General
Radiation protection is the basic need for medical workers

Medical imaging provides enormous benefits in inpatient treatment. While there may be some risk from radiation, the risk, if it exists at all, is so minimal that it is difficult to verify. The common suspected risk will be based on forecasts of the incidence of caused cancer in huge crowd of people exposed to radiation doses far above those in diagnostic imaging. What we do know is that even minor potential dangers can be mitigated by limiting exposure to radiation. The medical community is working very hard to ensure that every patients who is receiving imaging examinations that use as little radiation as much as possible.
protección radiológica is founded on three key principles: exposure justification, keeping doses (of ionizing radiation) as low as reasonably practicable (optimization), and the use of dosage limits. These principles were developed by the International Commission on Radiological Protection (ICRP).
Radiology people doing to minimize the risk of patients
- Medical imaging and radiation therapy experts understand the necessity of limiting radiation doses to their patients as low as possible while yet obtaining a diagnostic-quality image. Radiation exposure to patients, medical staff, and others have become a normal procedure in radiology practices.
- A group of eminent radiologists, medical physicists, and other members of the protección radiológica community met to discuss the increasing exposure to radiation in medical imaging and to propose techniques for reducing the hazards to patients. The purpose is to change radiology practice by raising knowledge about to reduce radiation doses when imaging children.

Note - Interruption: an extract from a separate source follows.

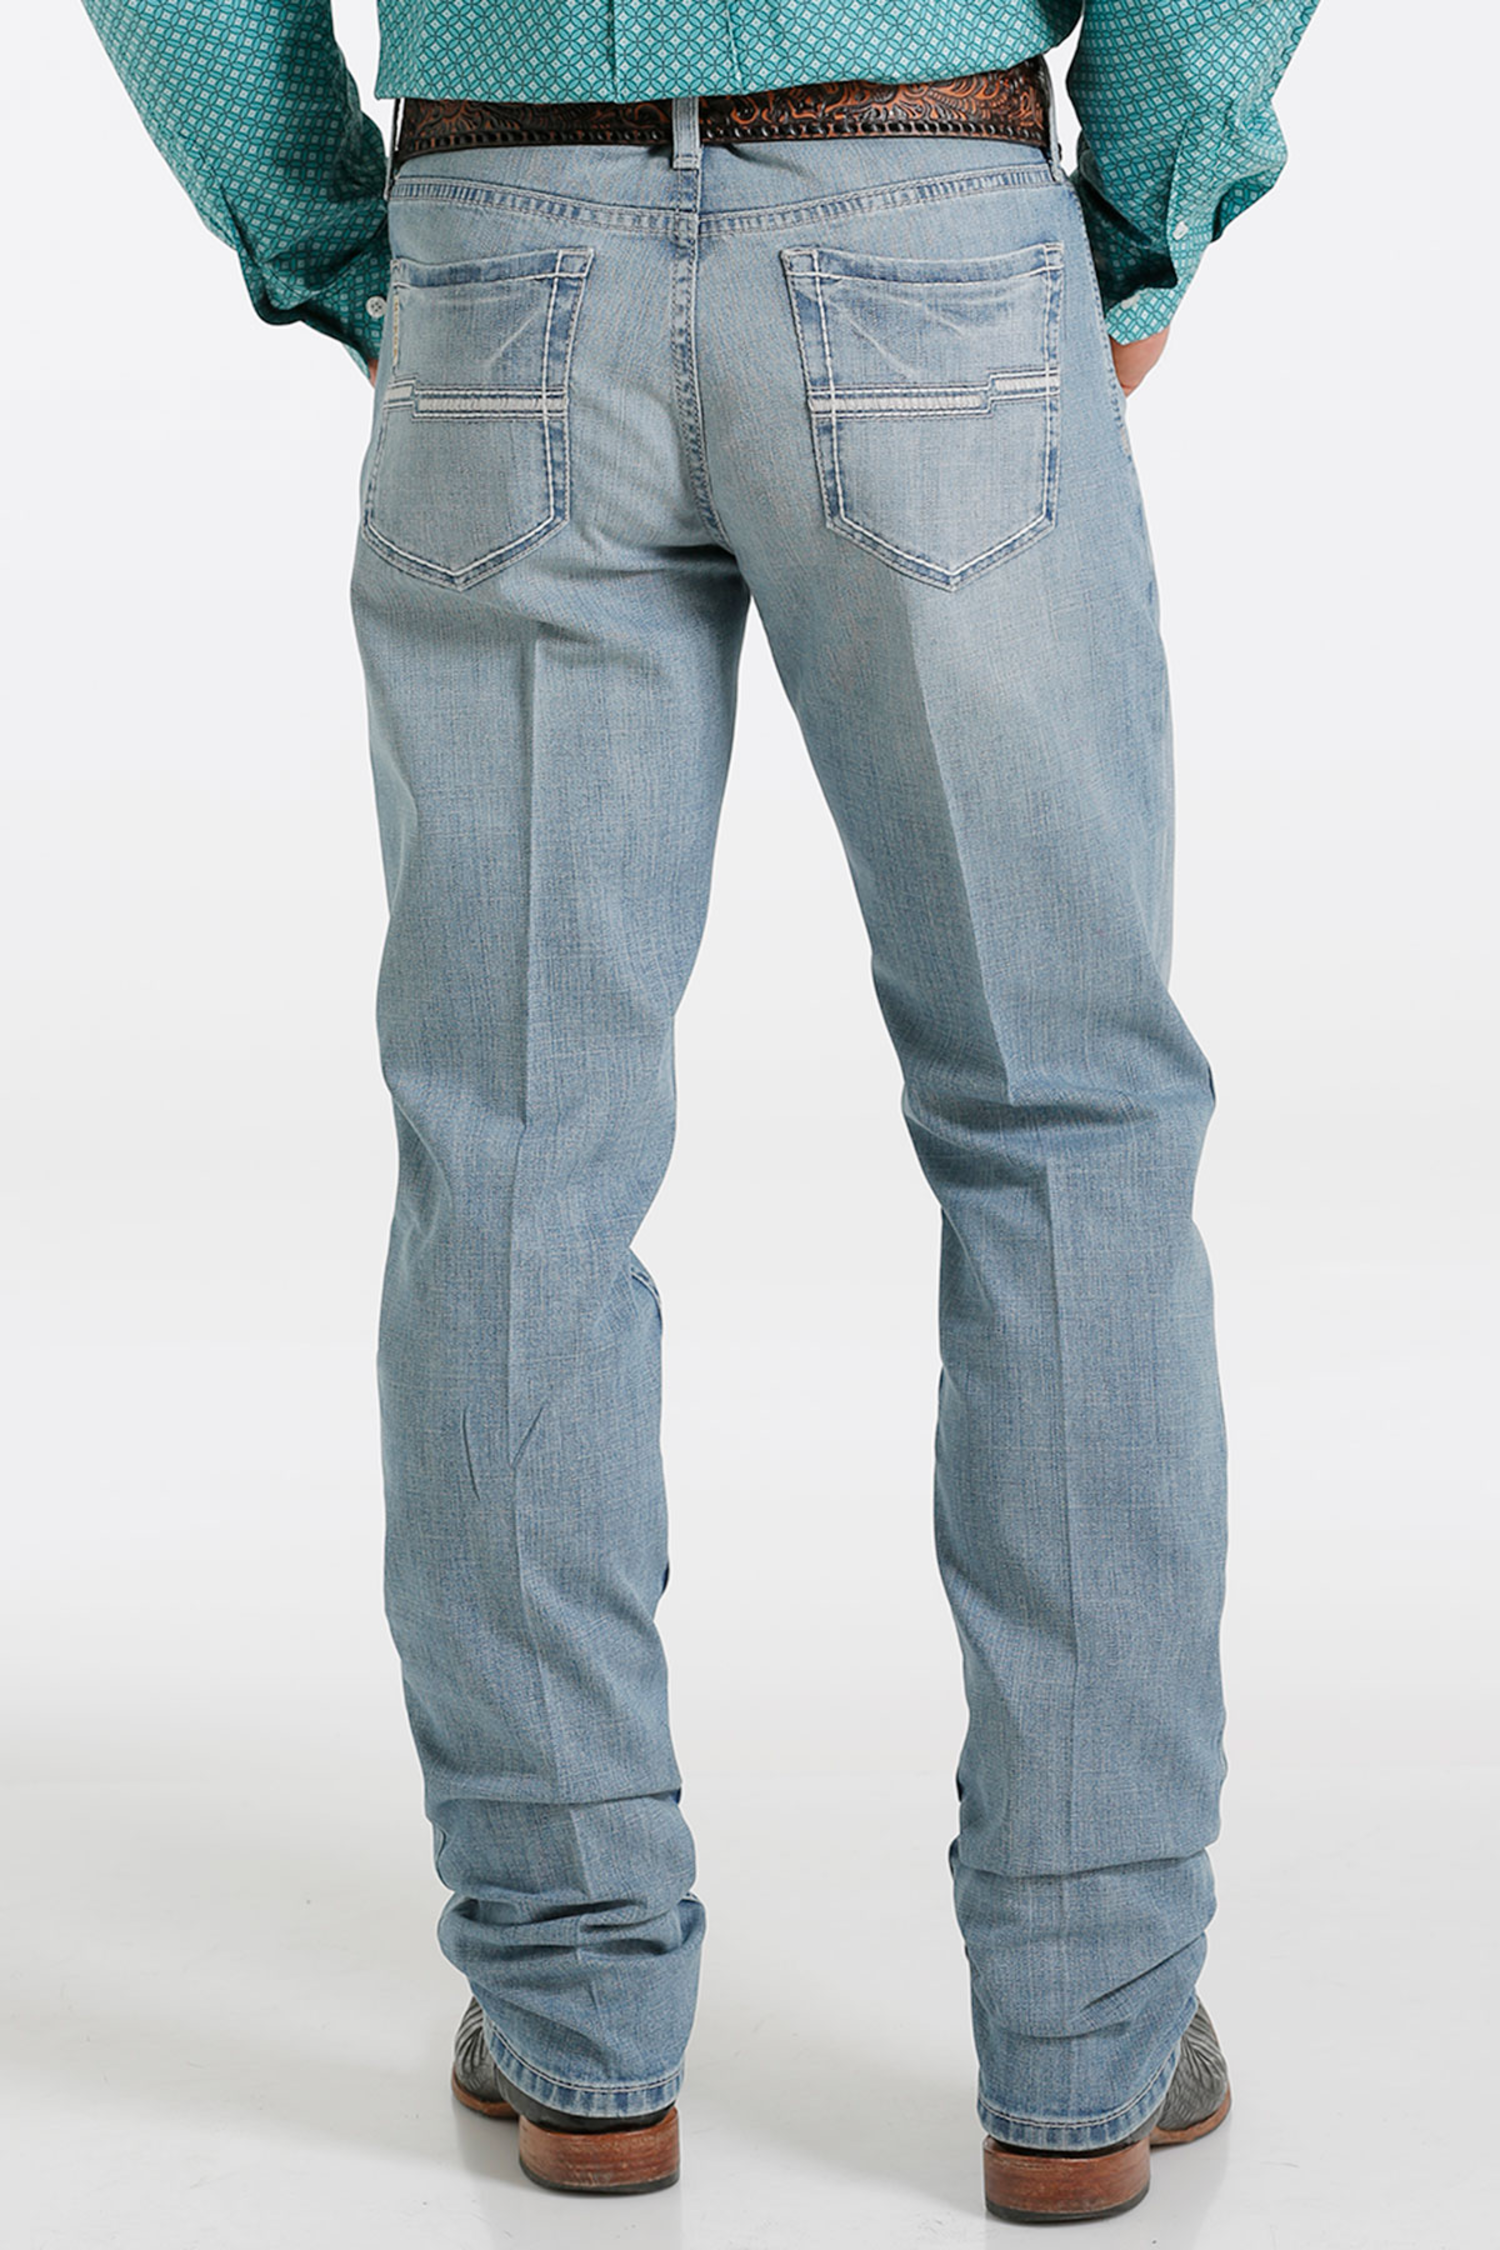 Cinch Jesse Slim Straight Fit Light Stonewash Jeans

- The patient enters the CT scanner. There is some public awareness effort aimed at reducing needless imaging exams and minimizing doses in those that are required.
- Accreditation schemes, such as those given by the American College of Radiology (ACR), certify imaging facilities. Imaging competency implies that the facility follows guidelines, employs staff with proper qualifications, and exhibits an understanding of the importance of continuous quality control involving their equipment and personnel. Facilities are there for ionizing those radiation imaging methods must be demonstrated that their doses do not exceed prescribed levels.
- CT facilities across the country can access a Dose Index Registry. It is a storehouse of dose-related information that can allow facilities to compare their tests to those of other facilities on a national, regional, and local scale. Facilities can evaluate if the radiation dose from their procedures is within acceptable parameters by comparing themselves to others.